Accuracy: 0.8524590163934426
F1: 0.8732394366197183
Precision: 0.8157894736842105
Recall: 0.9393939393939394
AUC: 0.8446969696969697


So the l1-regularized model performs better than the default l2-regularized one. But how much is it due to the fact that I have also changed the solver from the default `lbfgs` to `saga`?

In [39]:
l2_saga_regression = LogisticRegression(max_iter=10000, penalty="l2", solver="saga")
l2_saga_regression.fit(train_x, train_y)

print_metrics(l2_saga_regression, test_x, test_y)

Accuracy: 0.8524590163934426
F1: 0.8732394366197183
Precision: 0.8157894736842105
Recall: 0.9393939393939394
AUC: 0.8446969696969697


What about elasticnet penalty?

In [40]:
elasticnet_regression = LogisticRegression(max_iter=10000, penalty="elasticnet", solver="saga", l1_ratio=0.5)
elasticnet_regression.fit(train_x, train_y)

print_metrics(elasticnet_regression, test_x, test_y)

Accuracy: 0.8524590163934426
F1: 0.8732394366197183
Precision: 0.8157894736842105
Recall: 0.9393939393939394
AUC: 0.8446969696969697


So it seems that the regularization type has no effect on the result.

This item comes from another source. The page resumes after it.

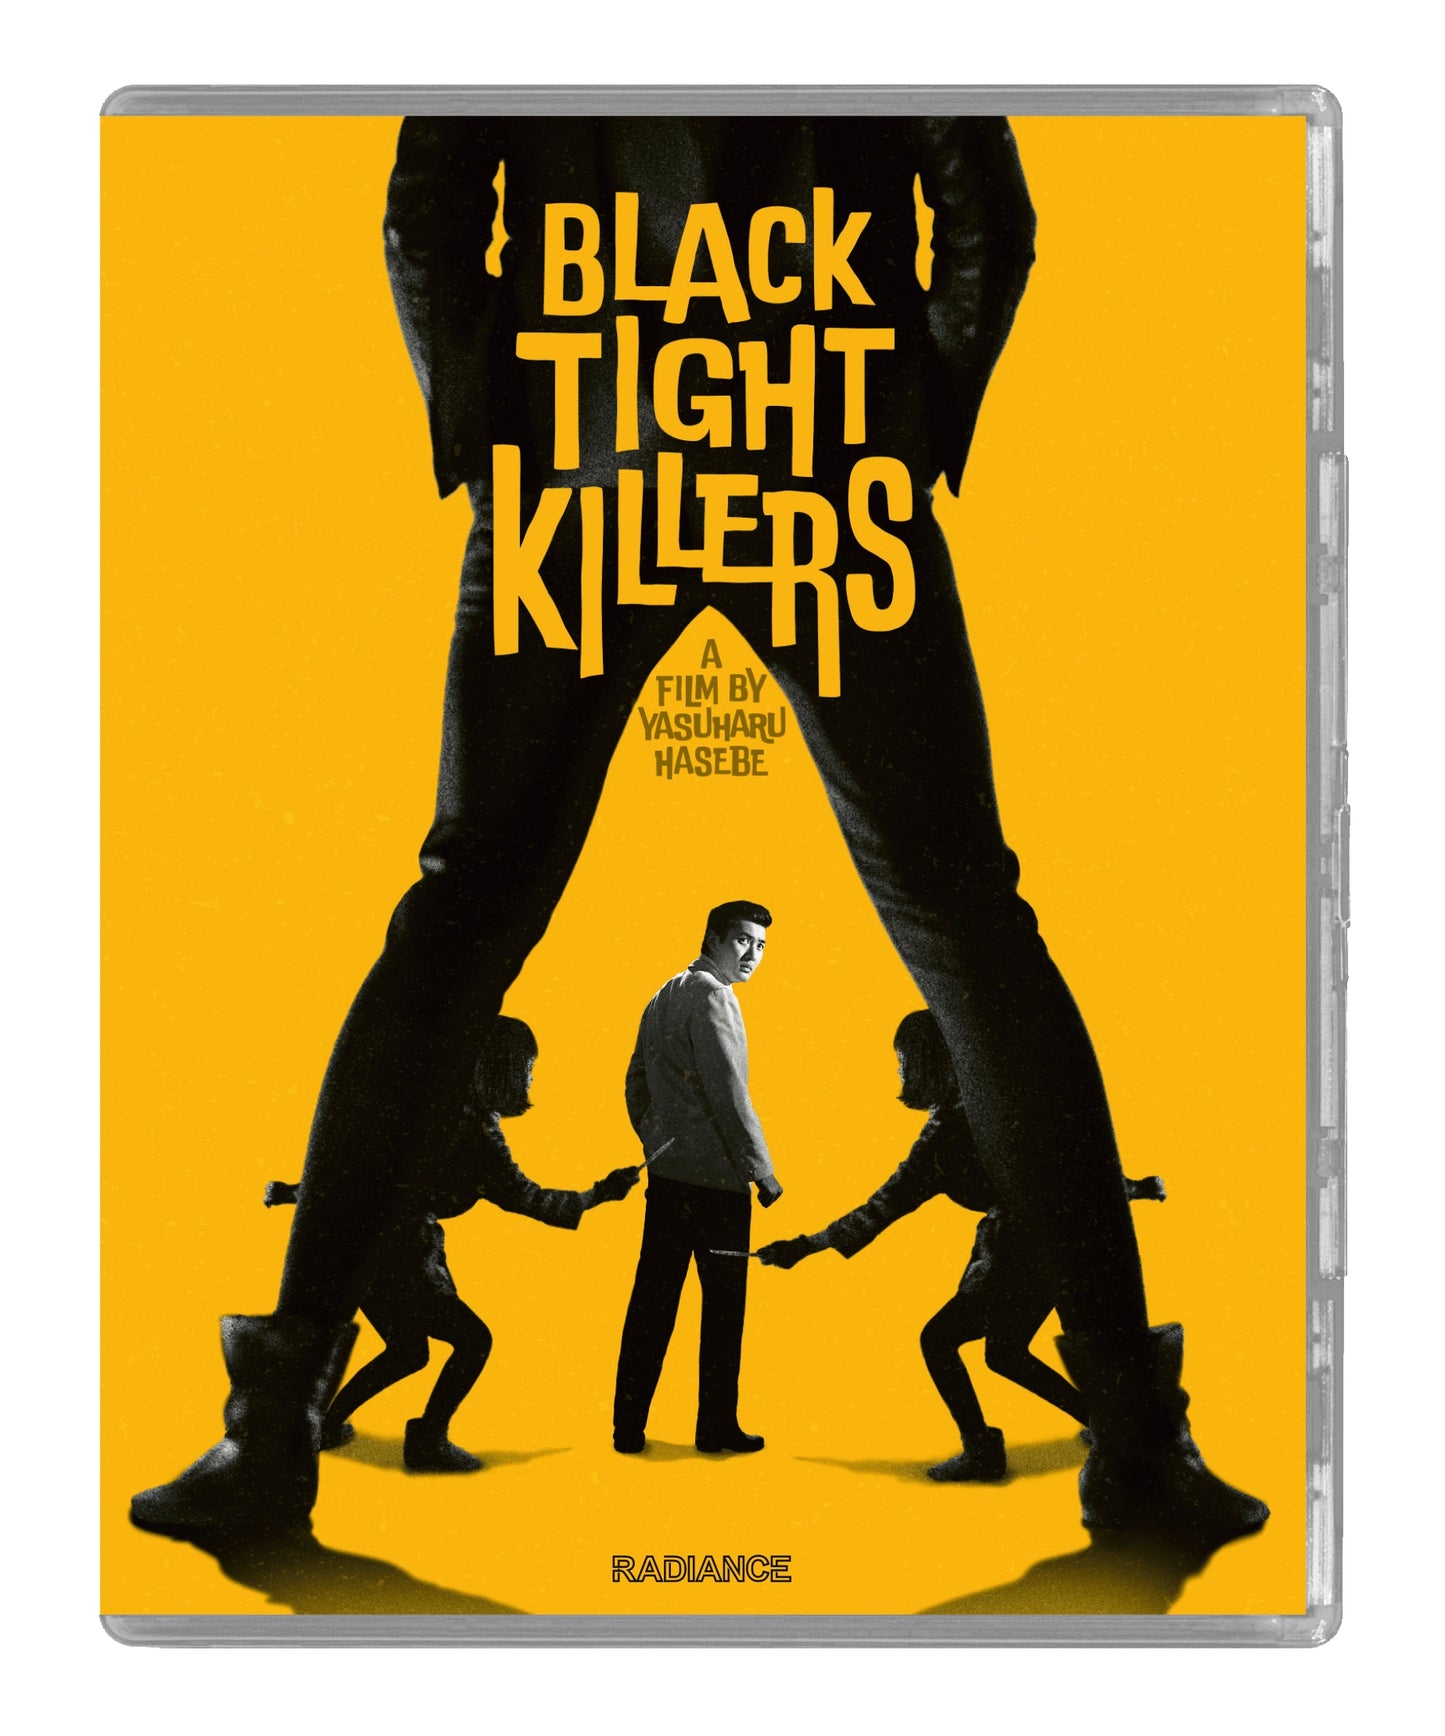 Black Tight Killers Limited Edition Blu-ray (Radiance U.S.)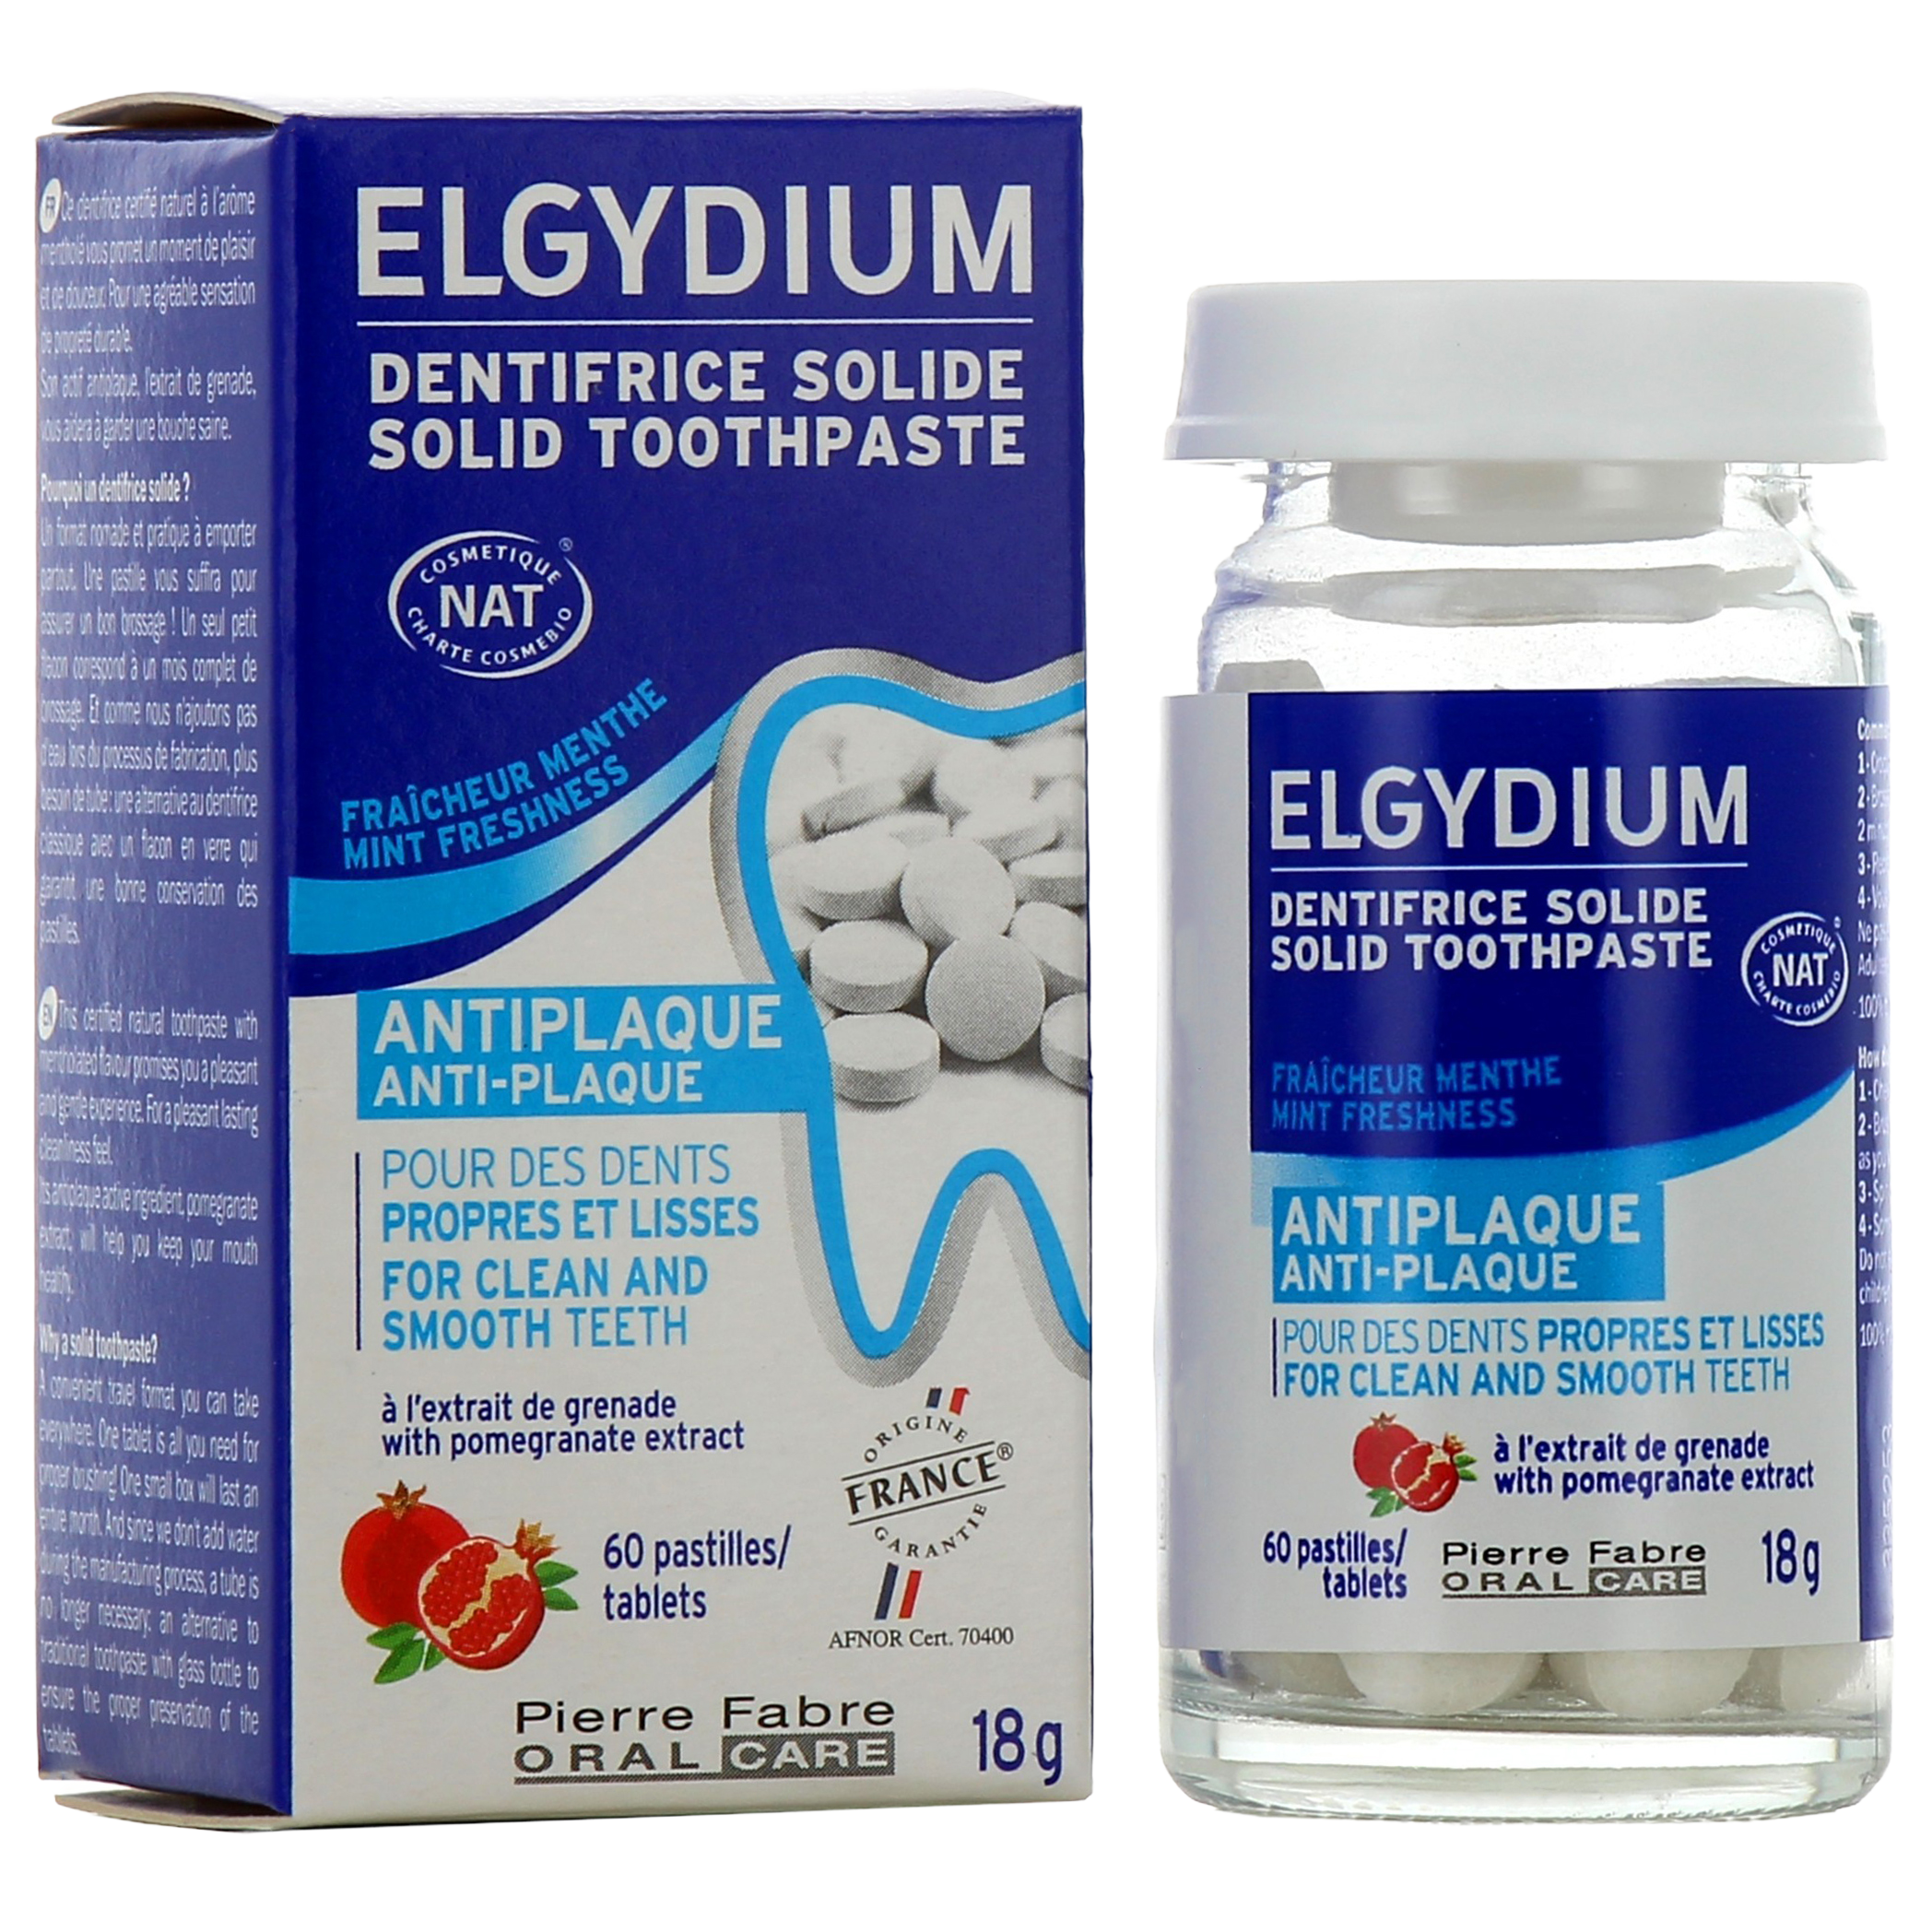 Elgydium dentifrice solide à croquer - Actif anti plaque dentaire

What about stronger and weaker regularization?

In [41]:
l2_stronger_regression = LogisticRegression(max_iter=10000, penalty="l2", solver="saga", C=0.1)
l2_stronger_regression.fit(train_x, train_y)

print("Stronger Regularization:")
print_metrics(l2_stronger_regression, test_x, test_y)

Stronger Regularization:
Accuracy: 0.8524590163934426
F1: 0.8732394366197183
Precision: 0.8157894736842105
Recall: 0.9393939393939394
AUC: 0.8446969696969697


In [42]:
l2_weaker_regression = LogisticRegression(max_iter=10000, penalty="l2", solver="saga", C=100)
l2_weaker_regression.fit(train_x, train_y)

print("Weaker Regularization:")
print_metrics(l2_weaker_regression, test_x, test_y)

Weaker Regularization:
Accuracy: 0.8524590163934426
F1: 0.8732394366197183
Precision: 0.8157894736842105
Recall: 0.9393939393939394
AUC: 0.8446969696969697


None of these changes (with a fixed max_iter and solver) have had any effect on the scores? Why does that happen?